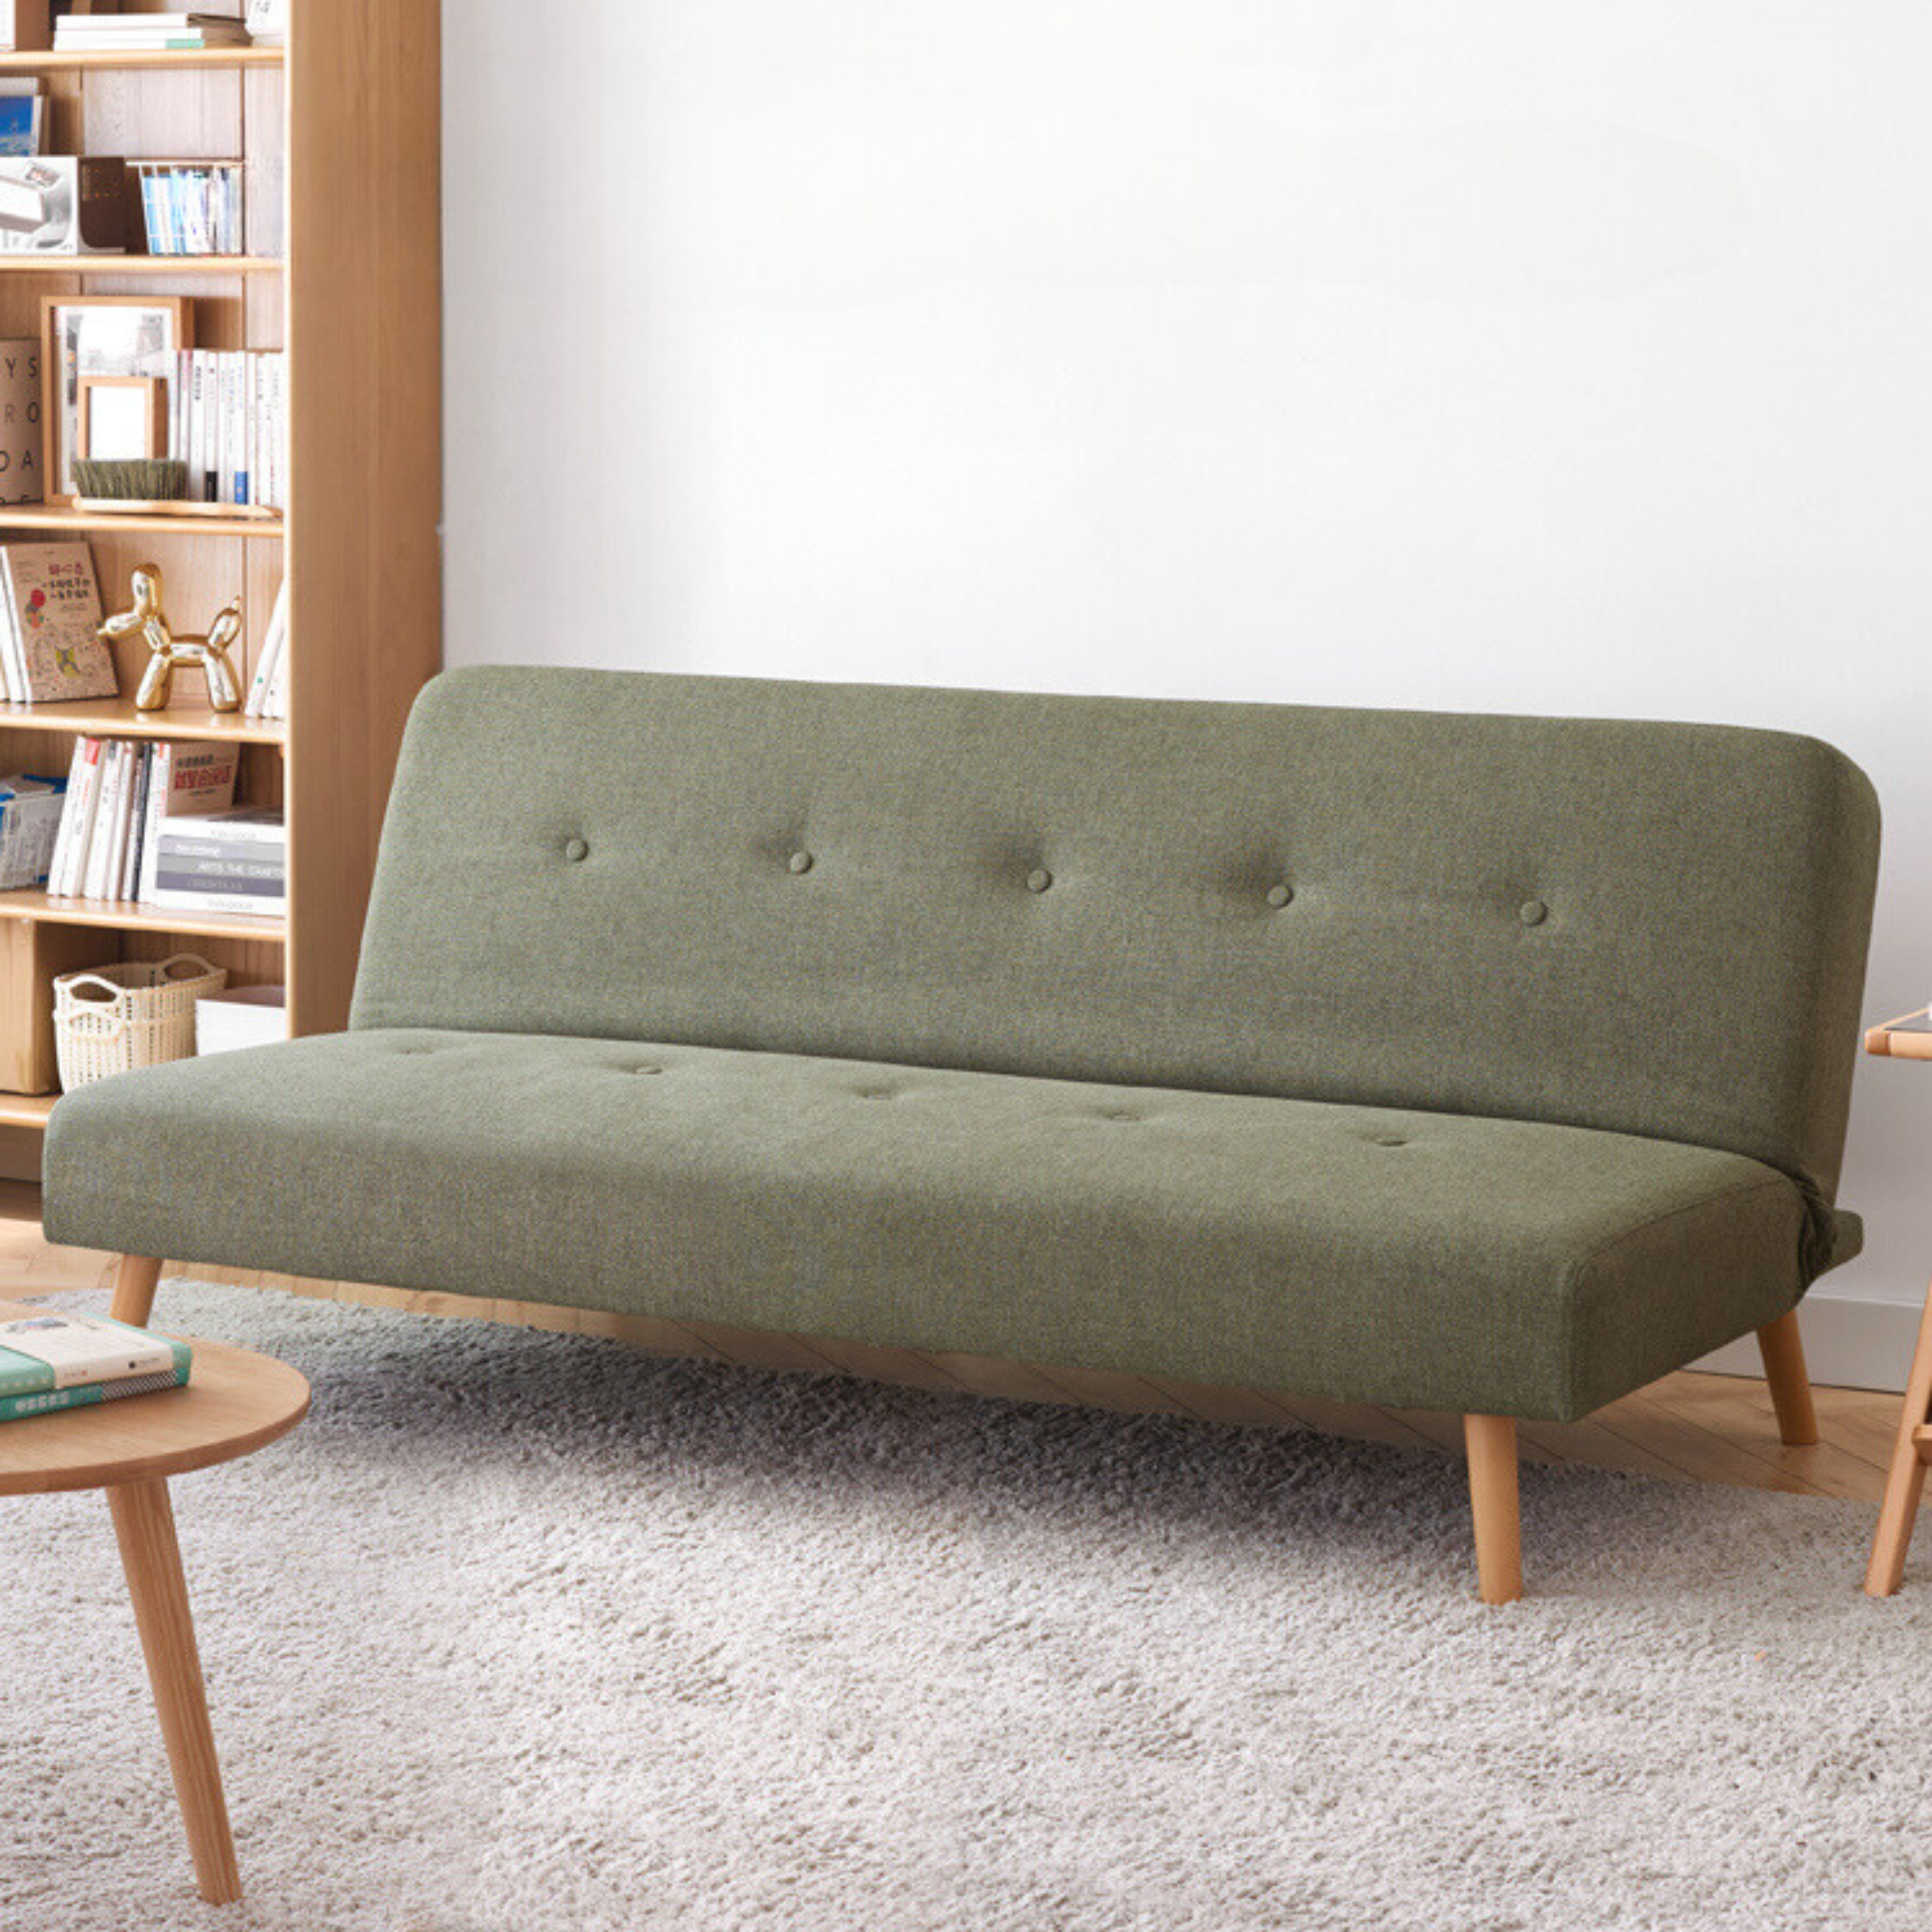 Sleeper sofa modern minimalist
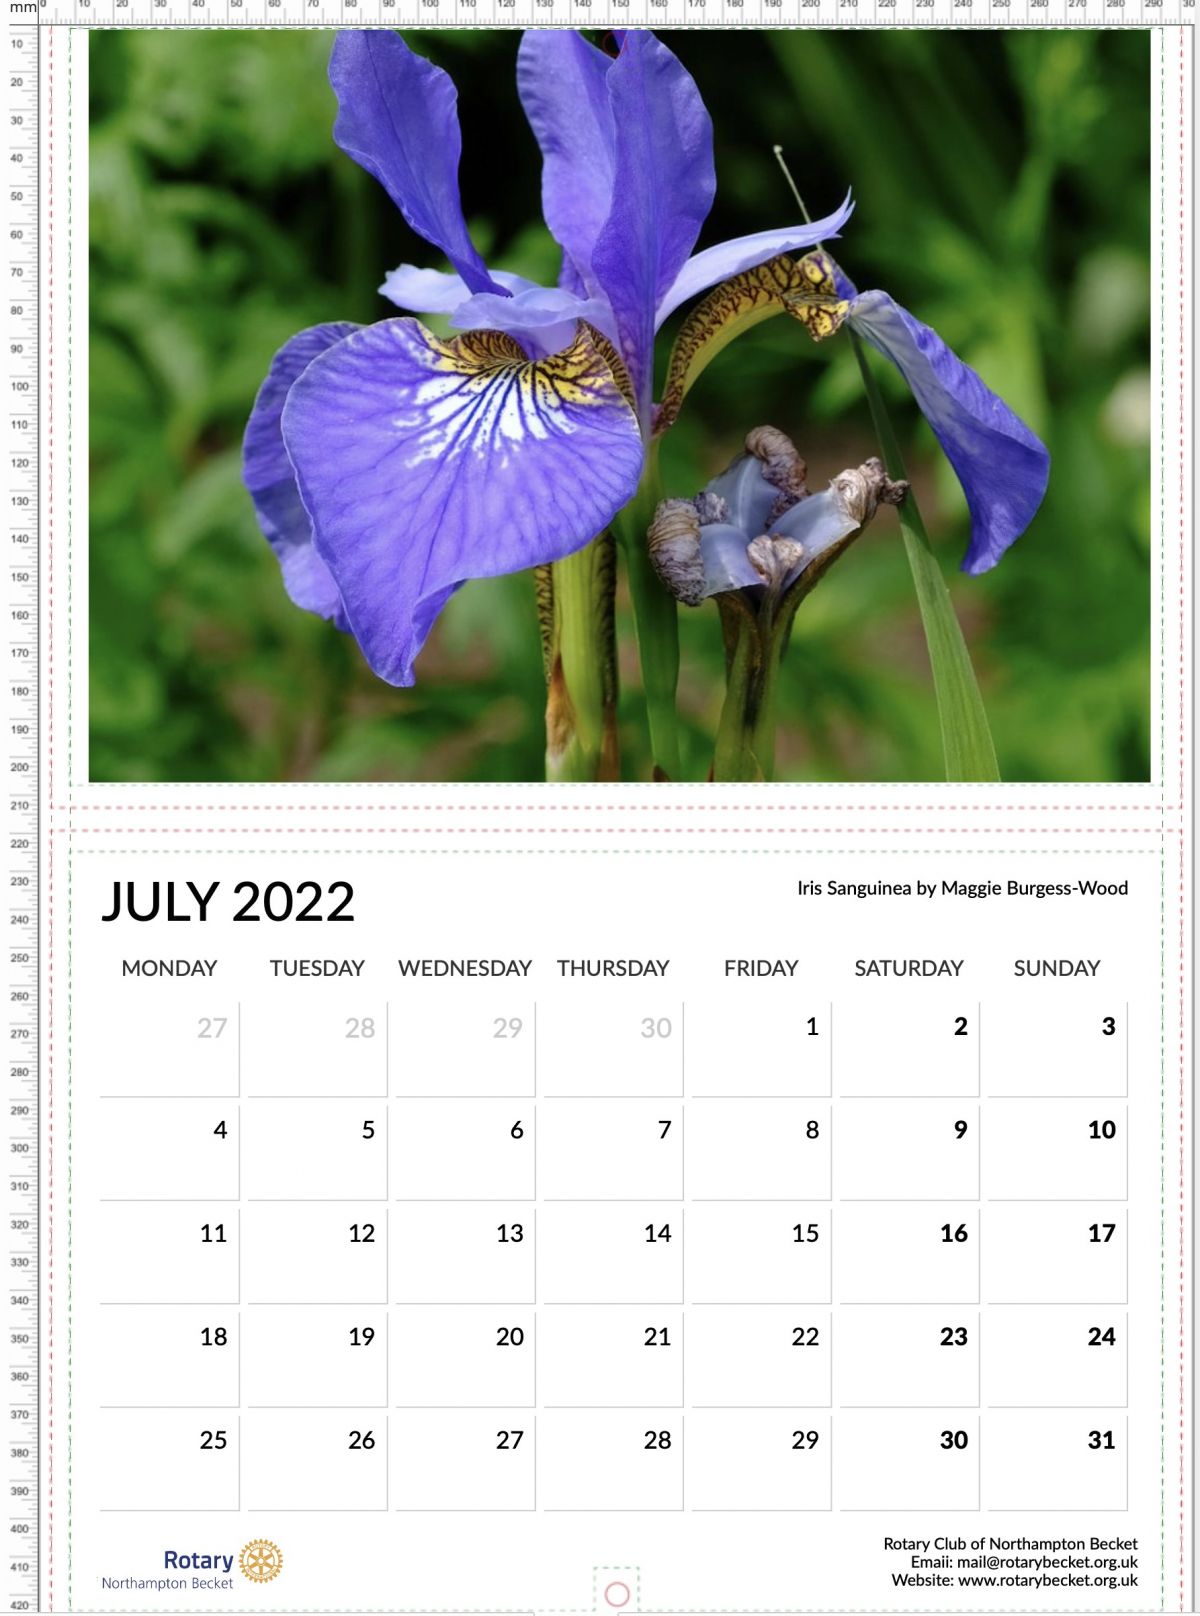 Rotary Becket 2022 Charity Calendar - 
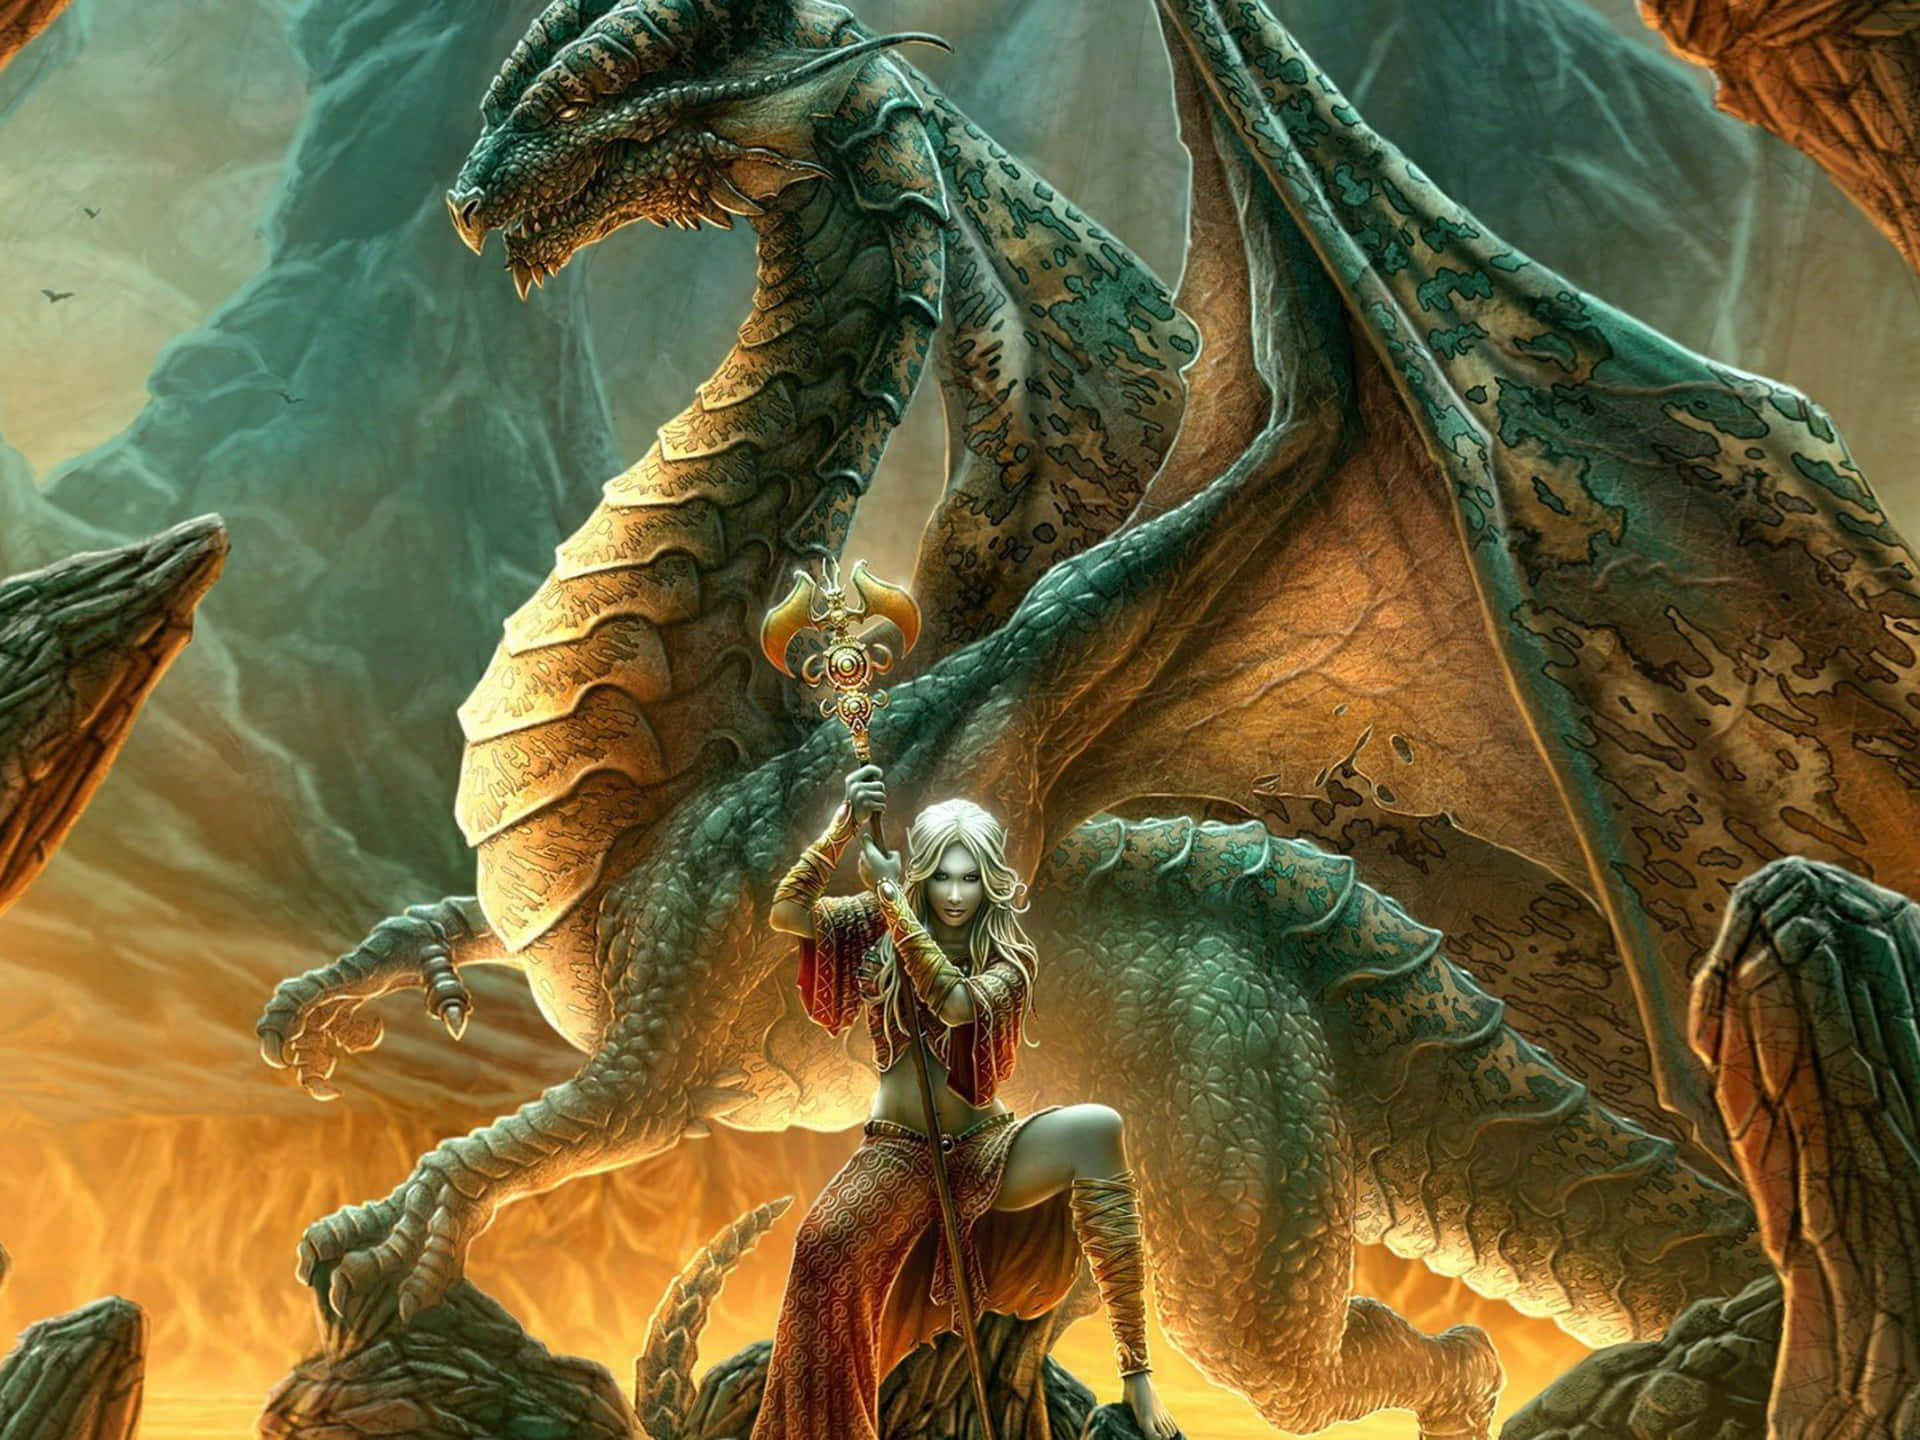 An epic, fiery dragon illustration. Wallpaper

### Required work
Reproduce the whole of the data, word for word, and omit its pictures.

### Answer section
 Sleeper sofa modern minimalist
 Rotary Becket 2022 Charity Calendar - 
 An epic, fiery dragon illustration. Wallpaper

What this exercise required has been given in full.